YOUR TASK: The records below are to be set down again exactly, with the pictures left out.

EXTRACTED INFORMATION:
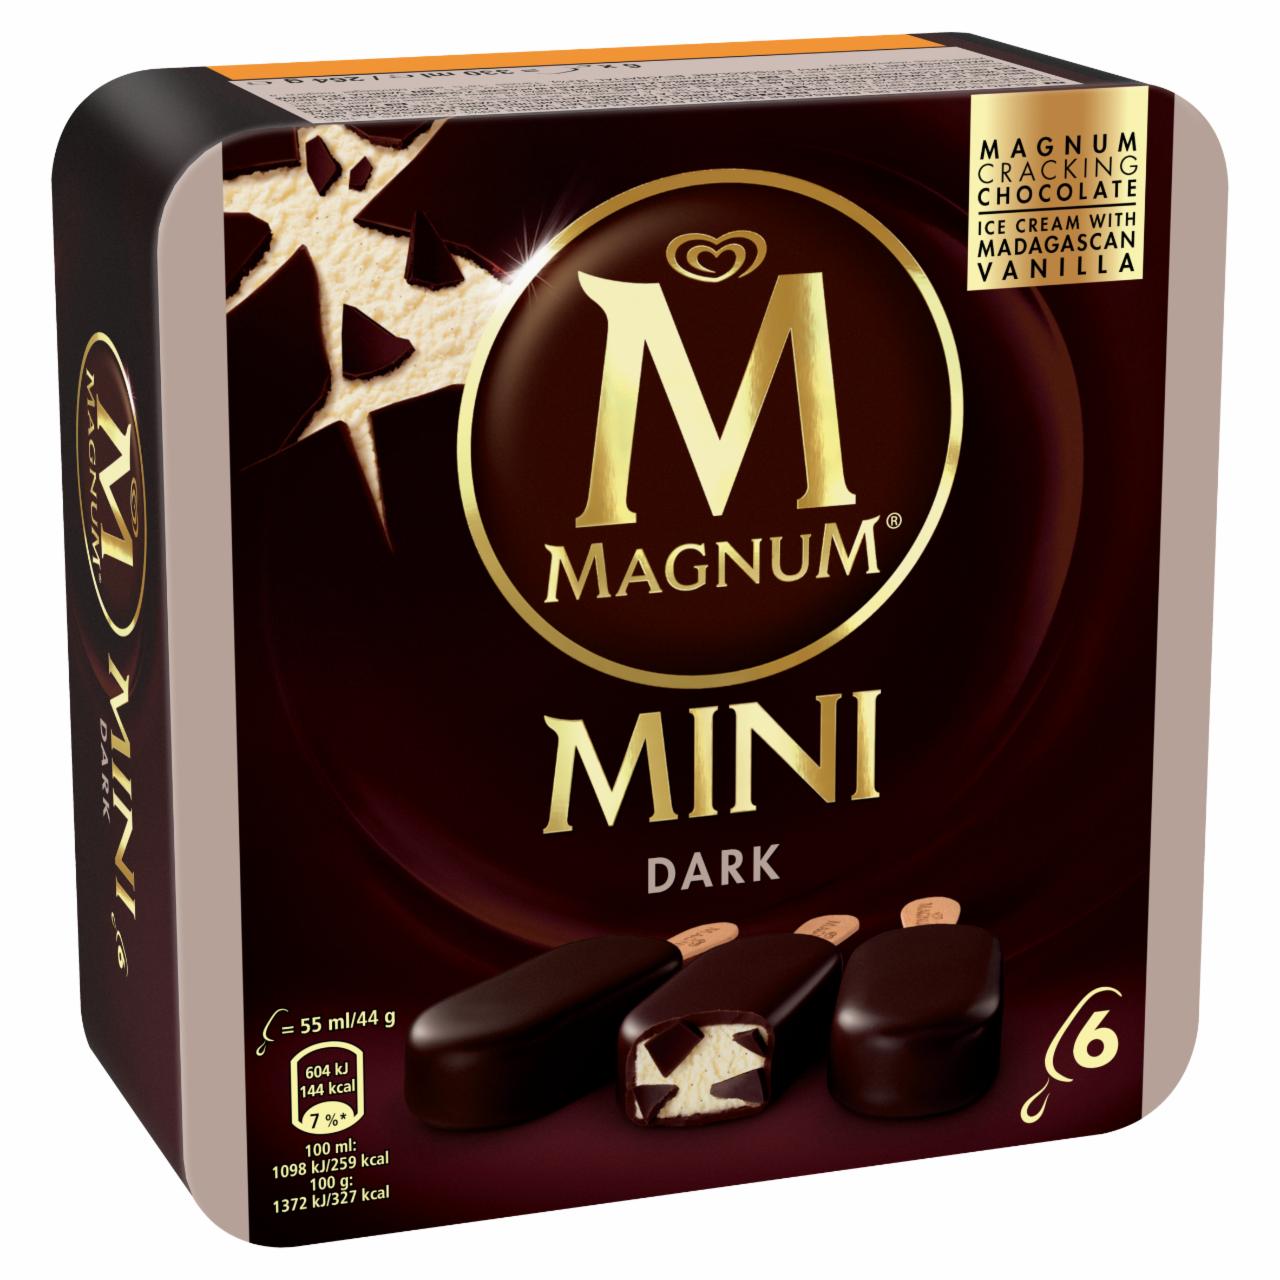 Képek - Magnum Mini Multipack Dark jégkrém 6 x 55 ml
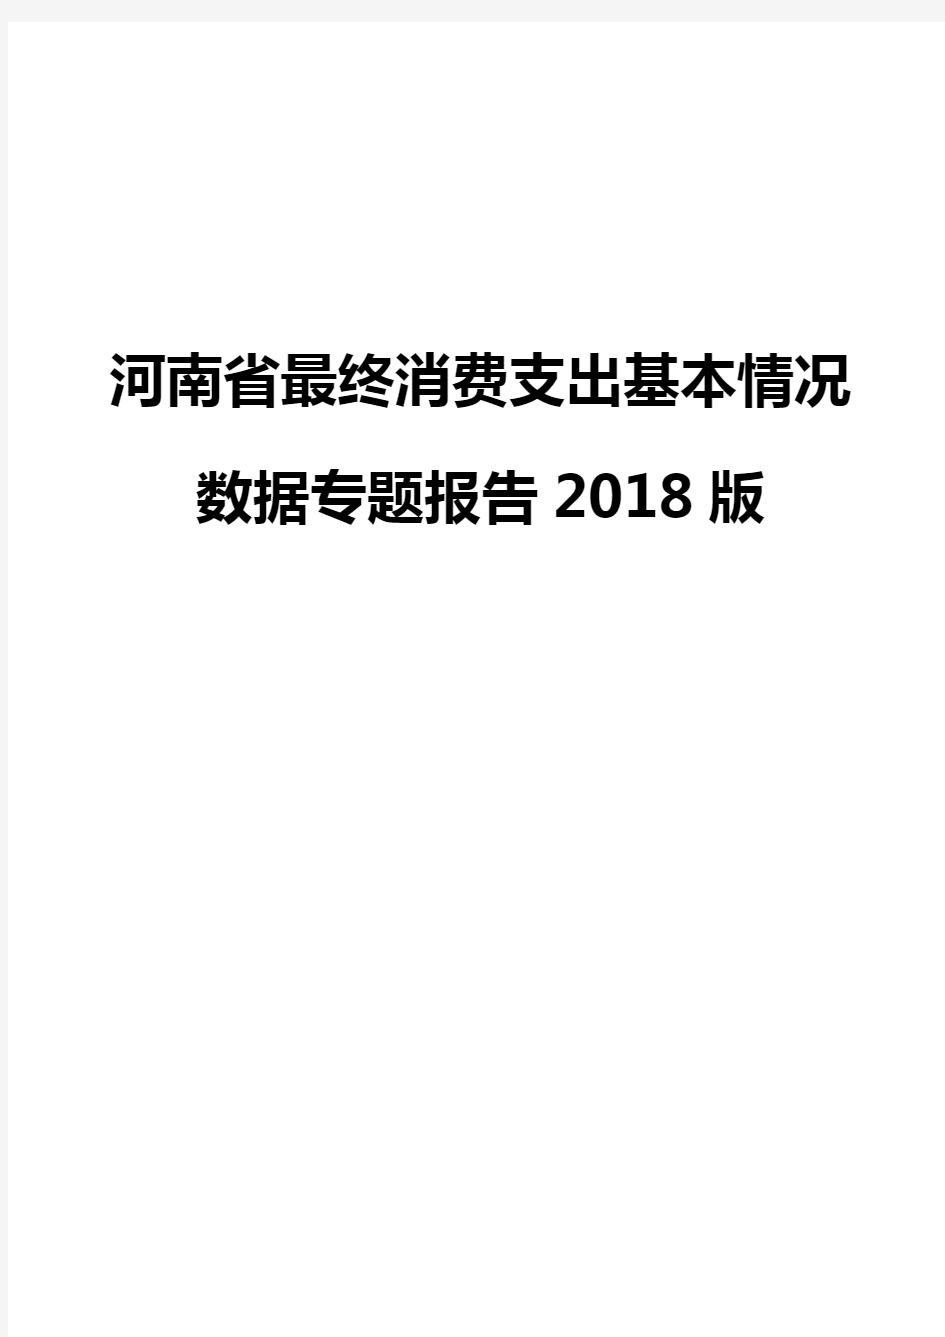 河南省最终消费支出基本情况数据专题报告2018版
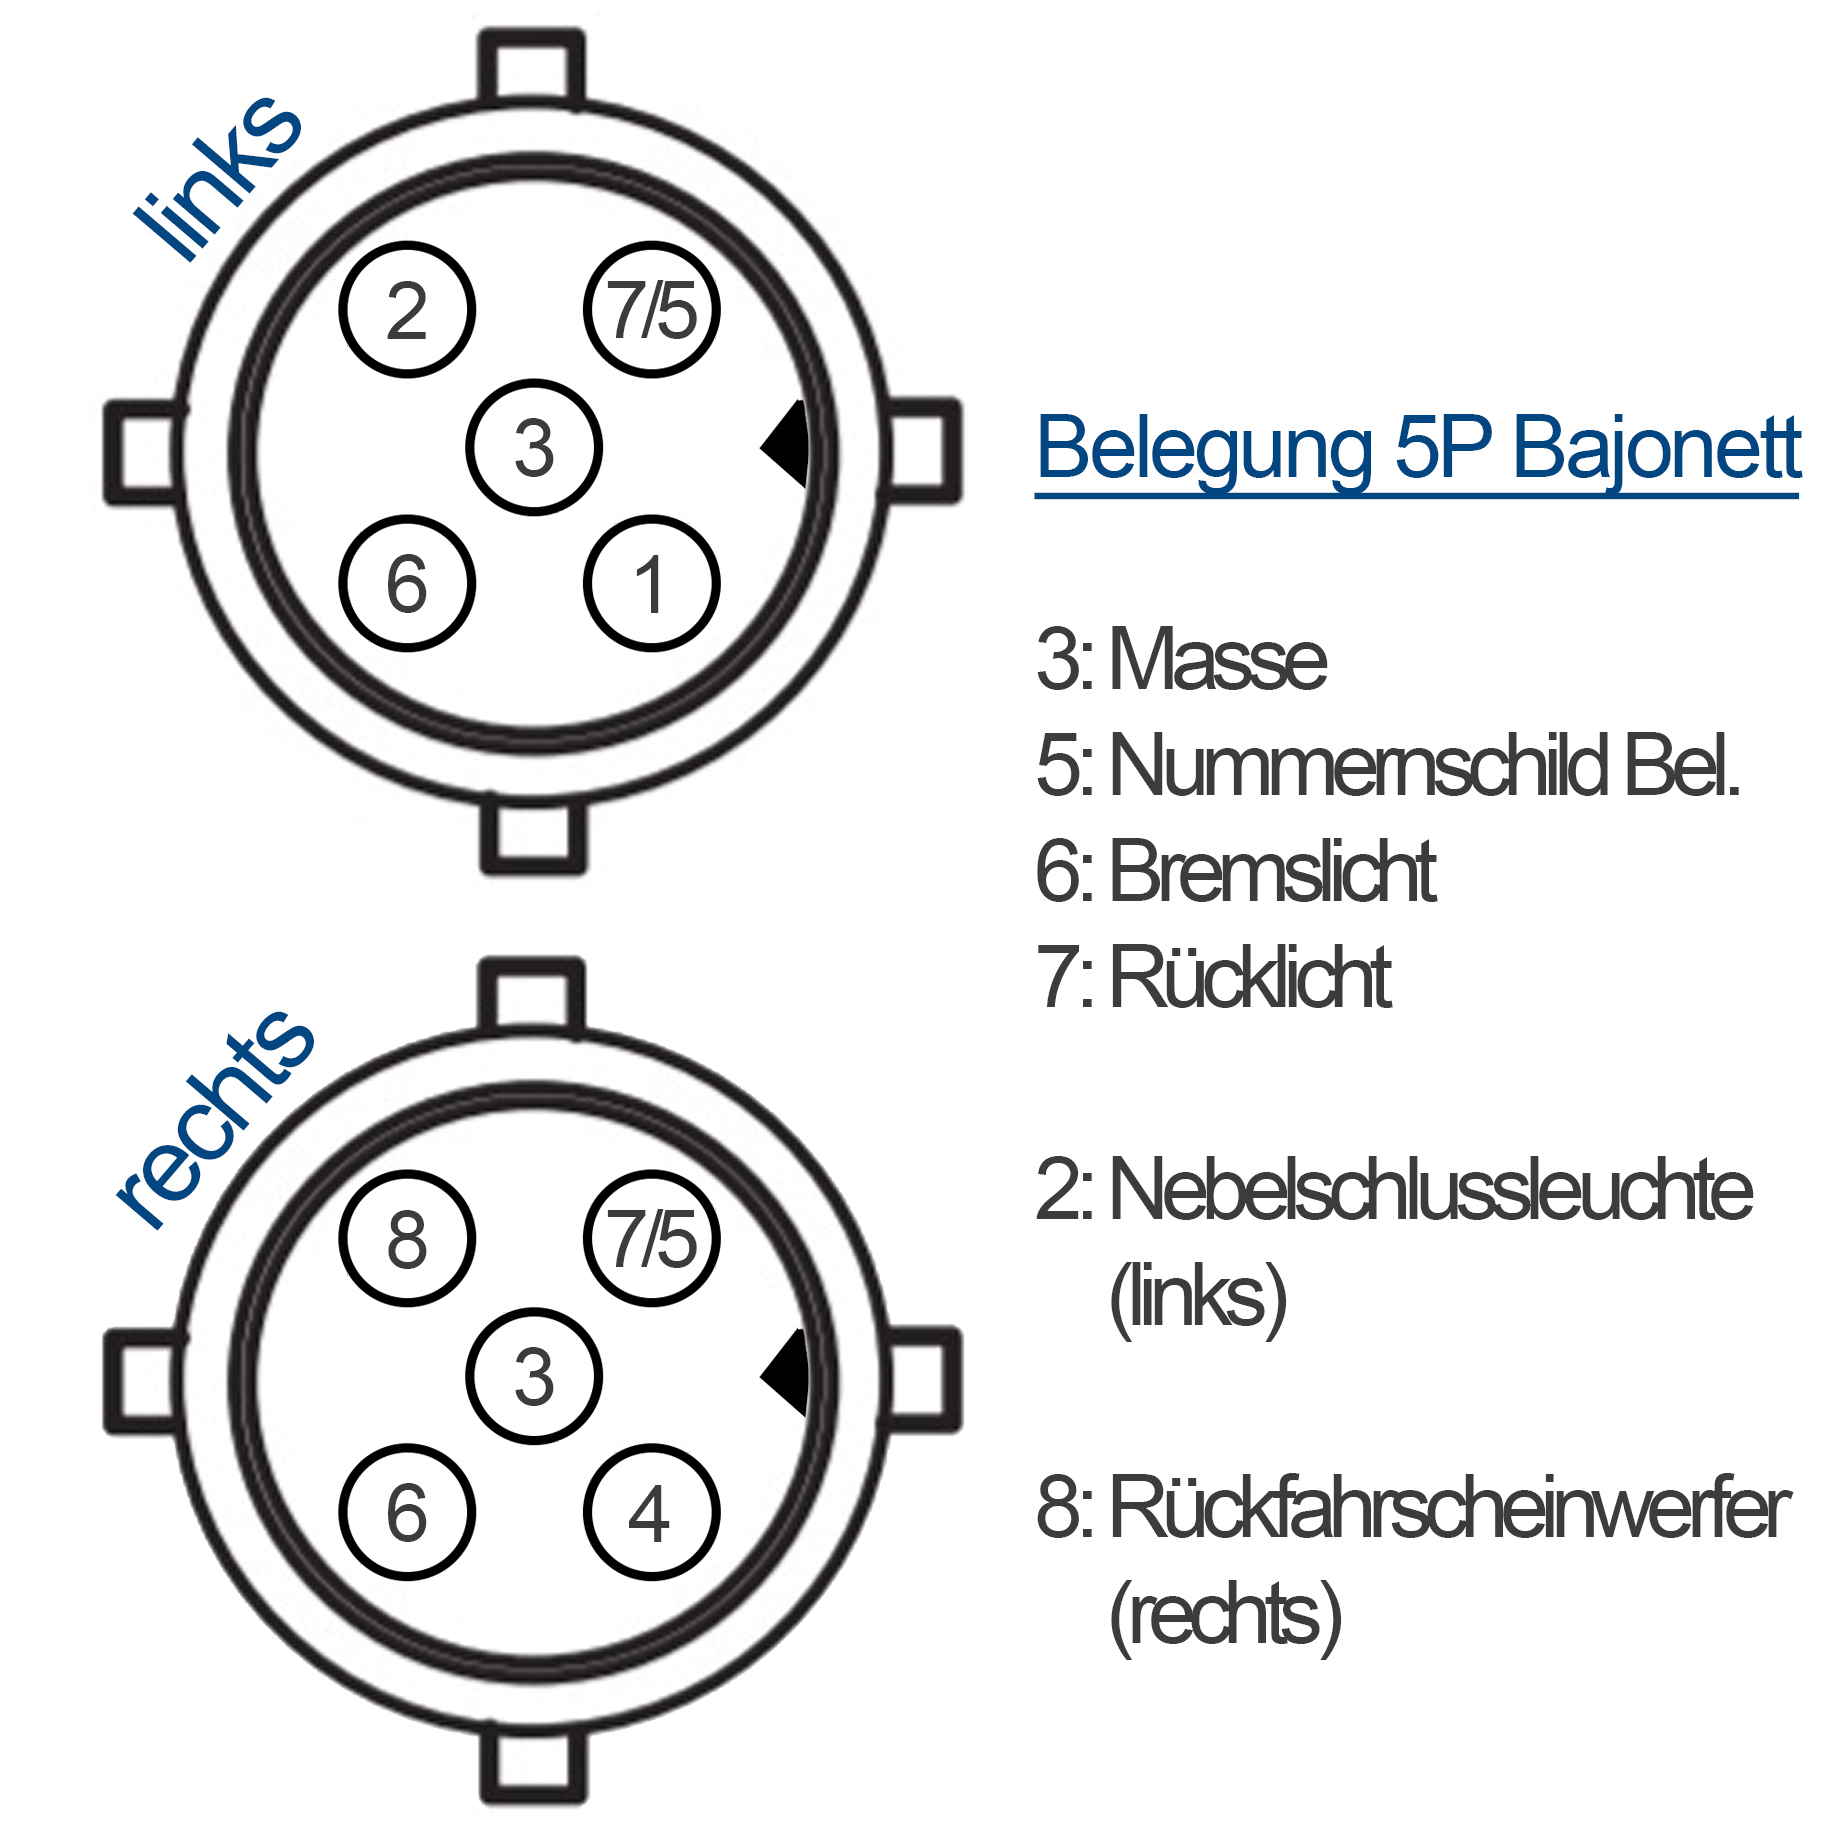 Kabelsatz Anhänger Beleuchtung - 8m - 13Pol - 5P Bajonett
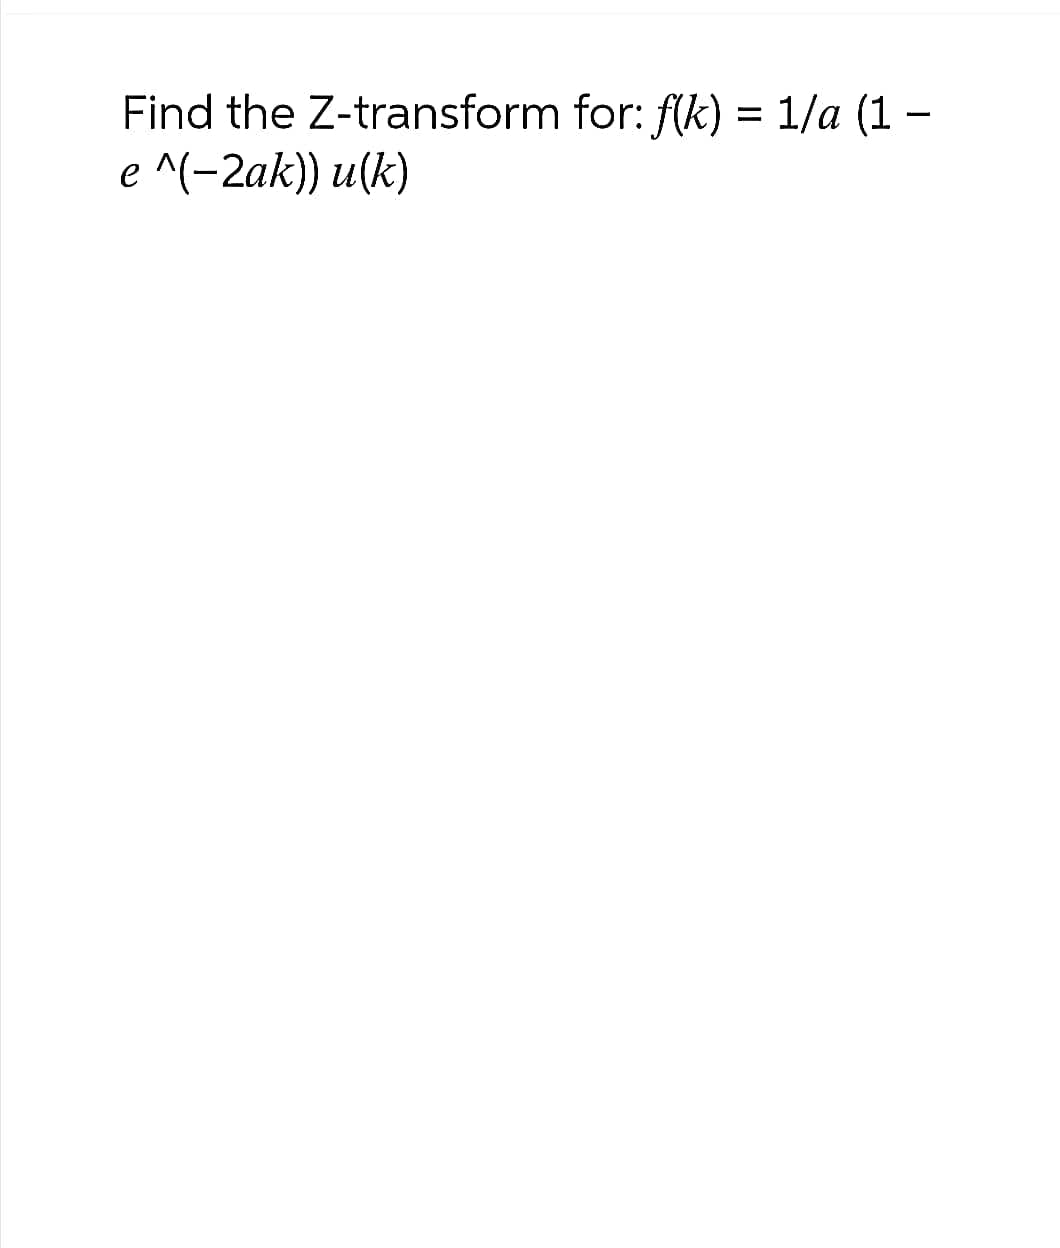 Find the Z-transform for: f(k) = 1/a (1 -
e ^(−2ak)) u(k)
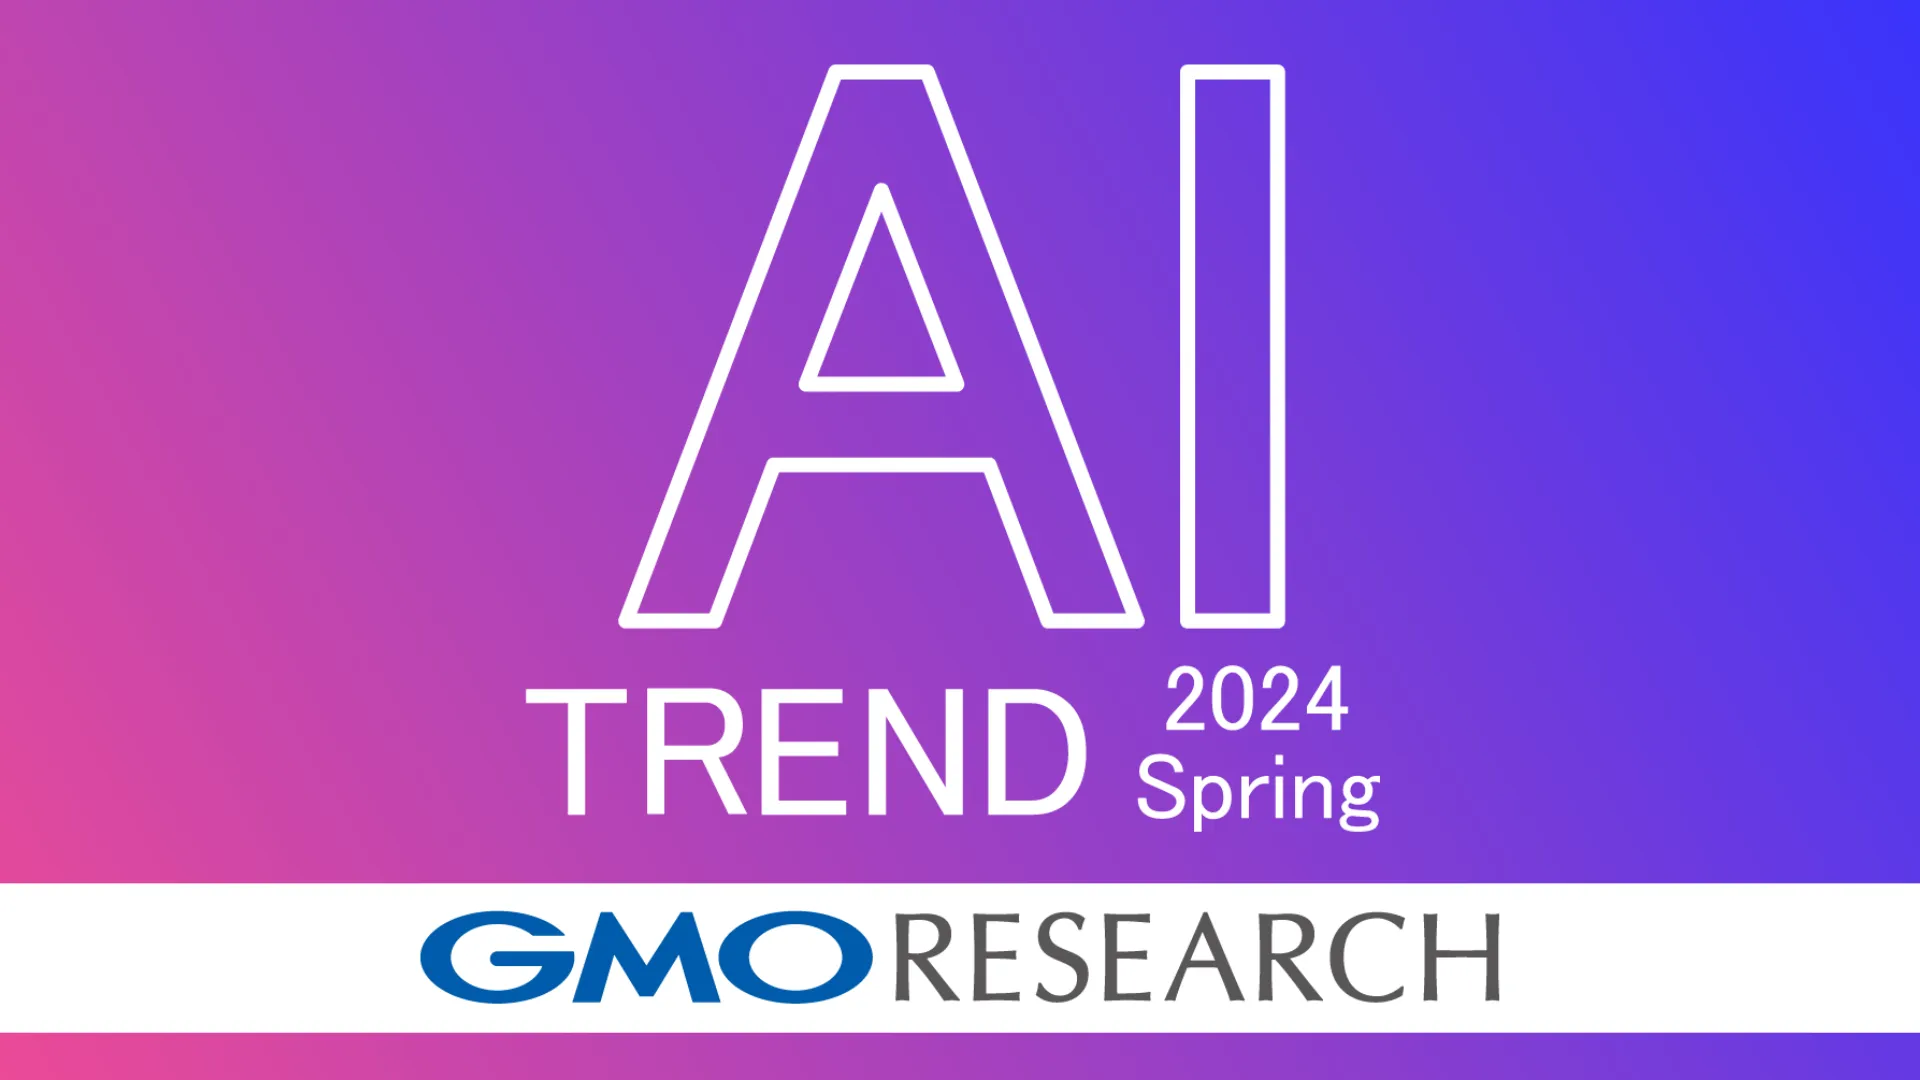 生成AIの利用経験者が3か月で2倍に増加、GMOインターネットグループが調査

ANSWER AREA:
 Képek - Magnum Mini Multipack Dark jégkrém 6 x 55 ml
 河南省最终消费支出基本情况数据专题报告2018版
 Kabelsatz Anhänger Beleuchtung - 8m - 13Pol - 5P Bajonett
 Find the Z-transform for: f(k) = 1/a (1 -
e ^(−2ak)) u(k)
 生成AIの利用経験者が3か月で2倍に増加、GMOインターネットグループが調査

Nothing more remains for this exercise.